Information provided
• • • •

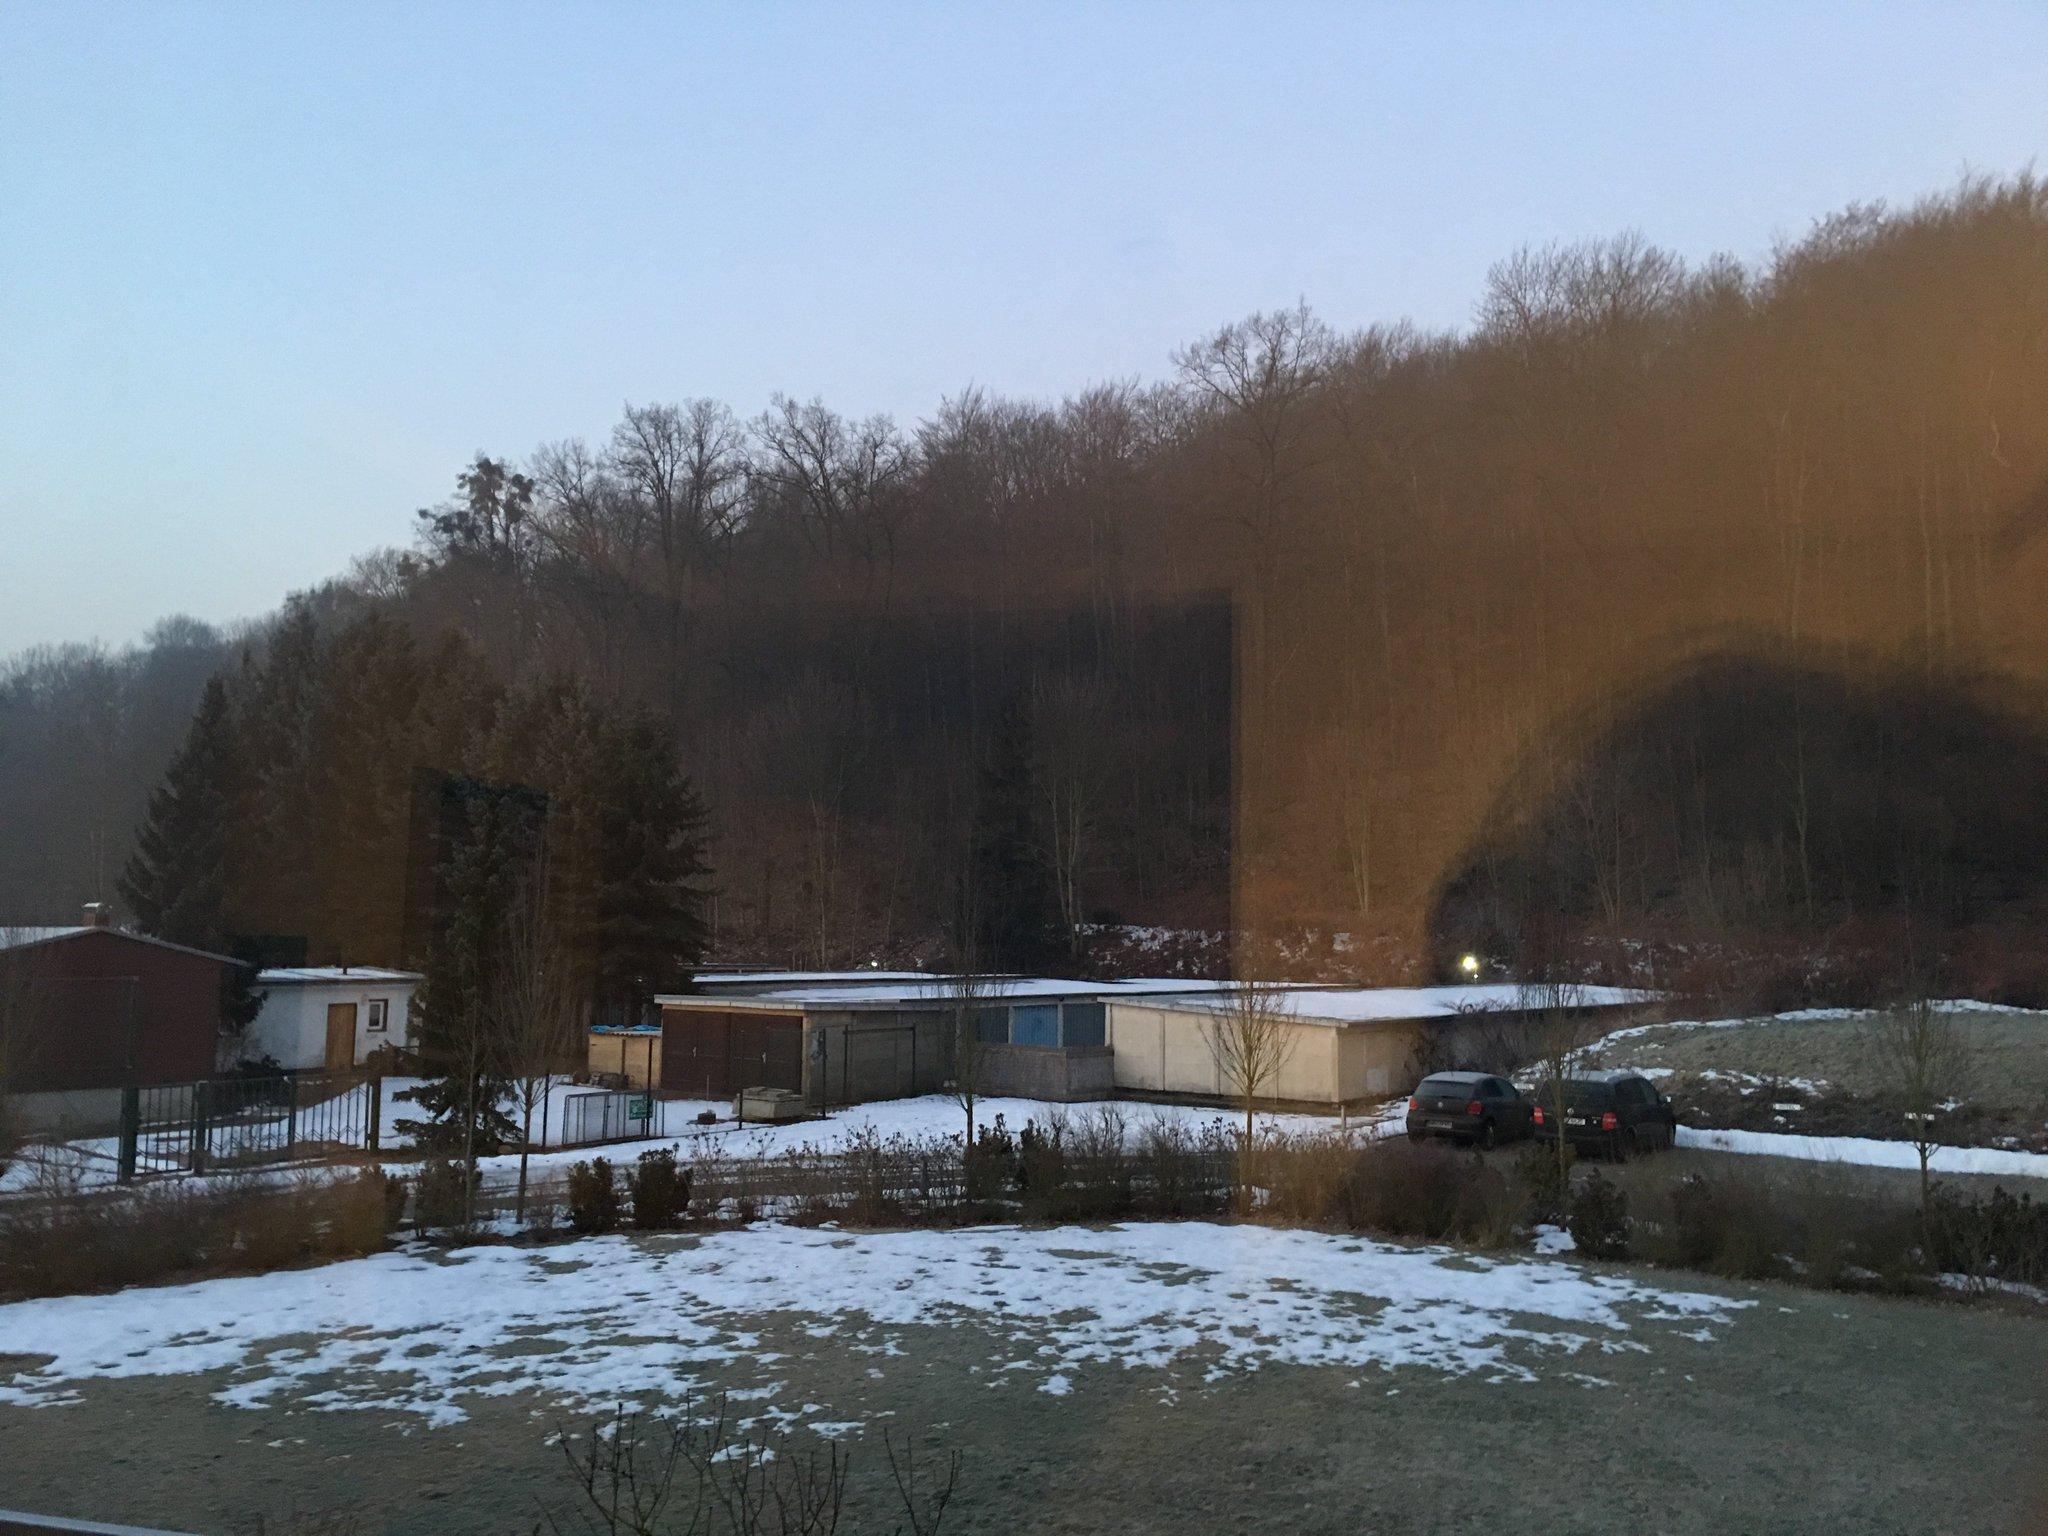 Guten Morgen aus dem akrivHotel in Pirna #saechsischeschweiz #meurers https://t.co/p4PZWSQuVg
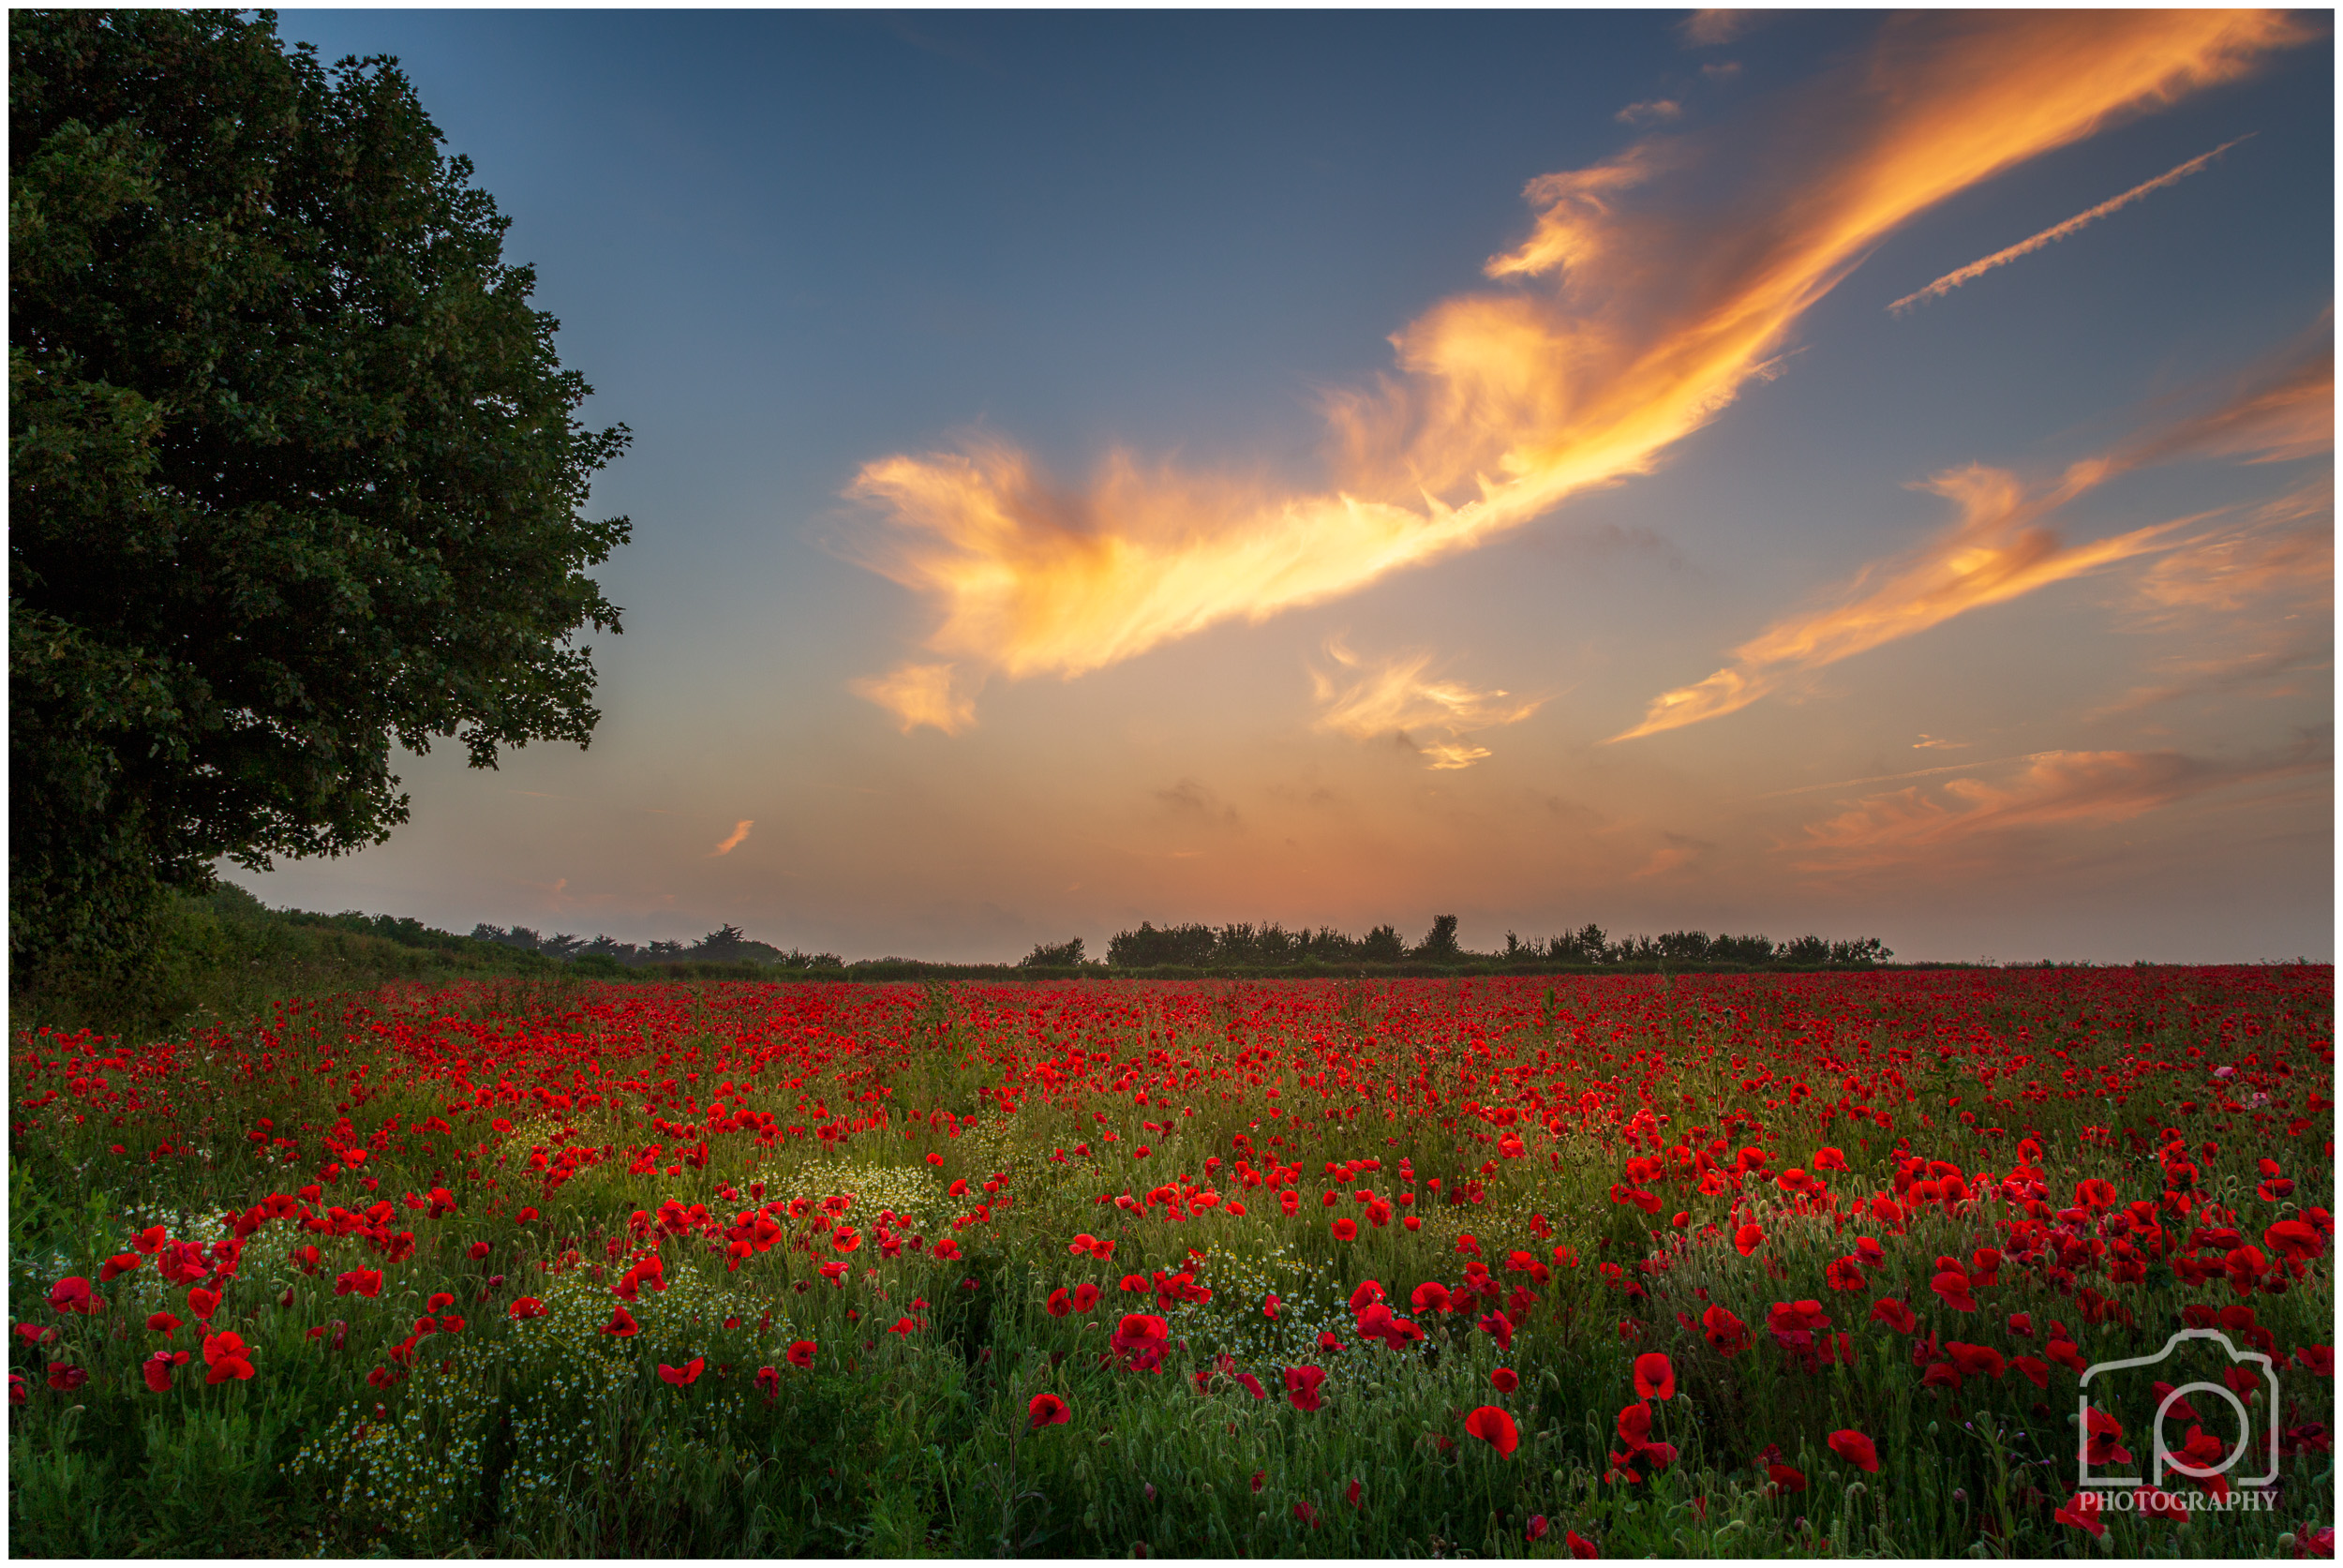 Pineham Poppies at Sunset
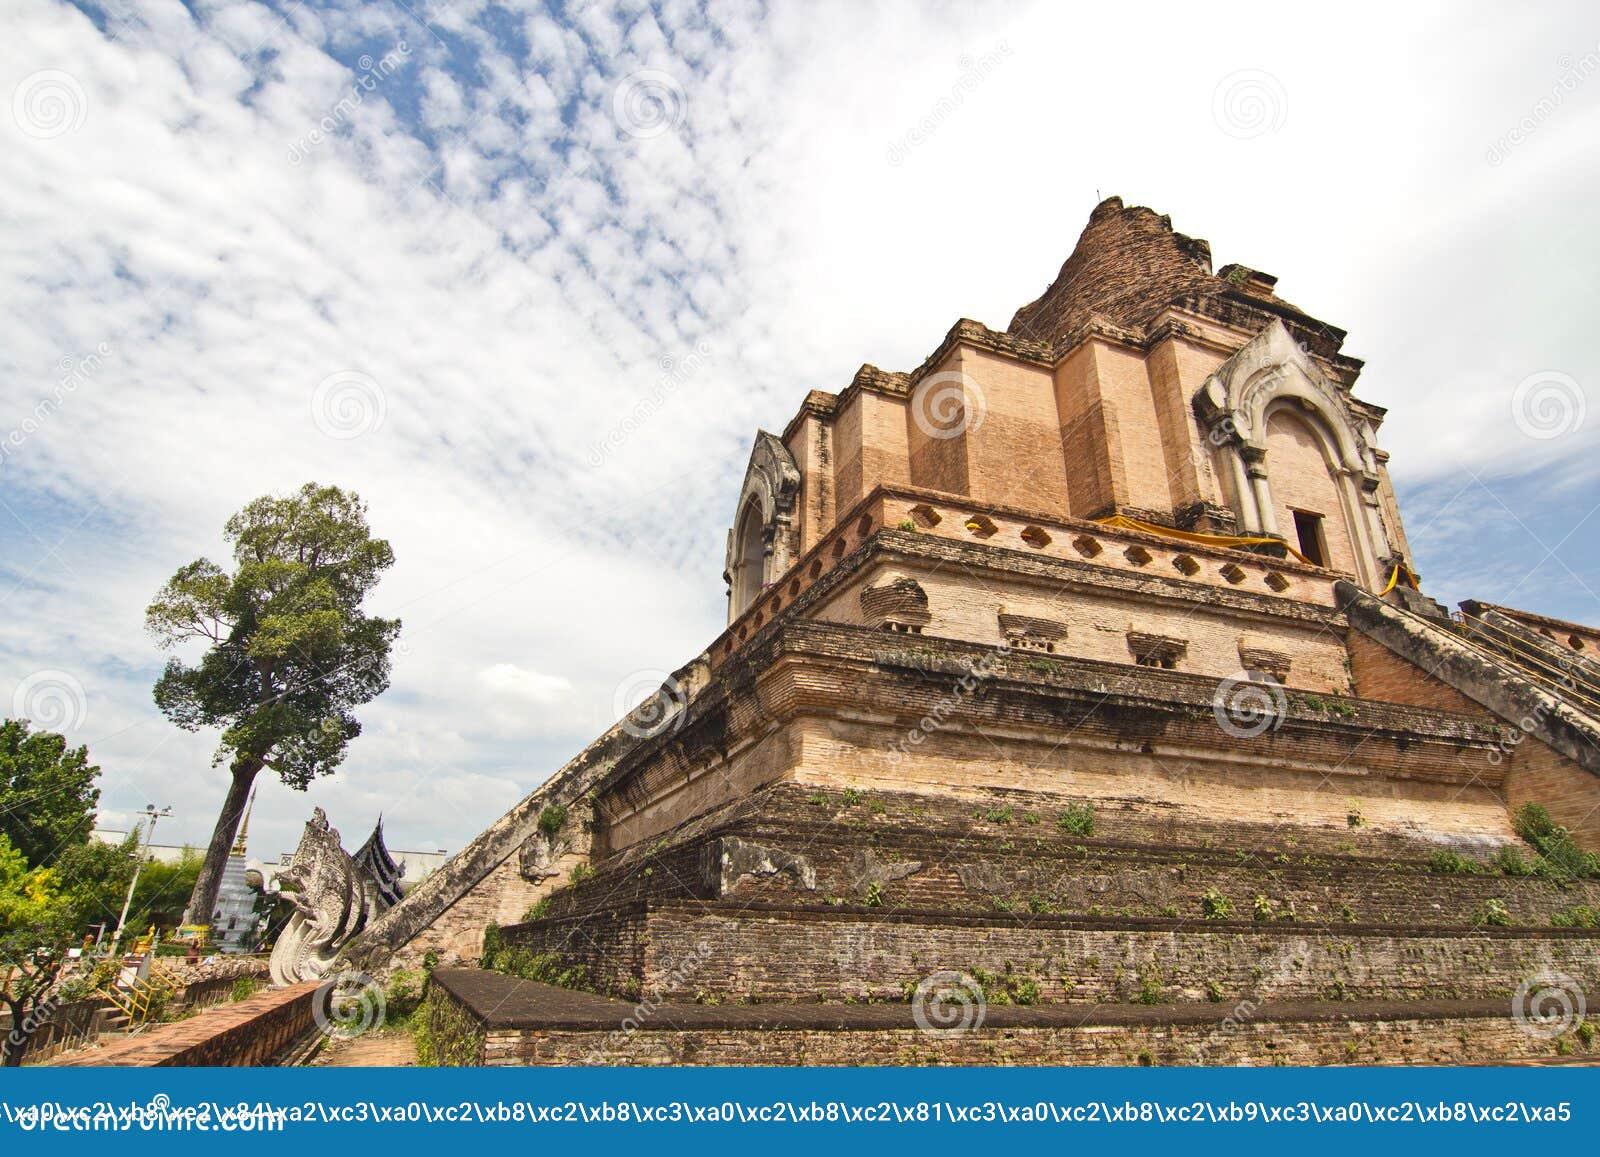 Broken pagoda thailand

• • • •

Required work
When you reach the line that contains "Pineham Poppies at Sunset", start copying the listing word for word and stop only after its last line, without any pictures.

Result of this exercise
 Pineham Poppies at Sunset
 Broken pagoda thailand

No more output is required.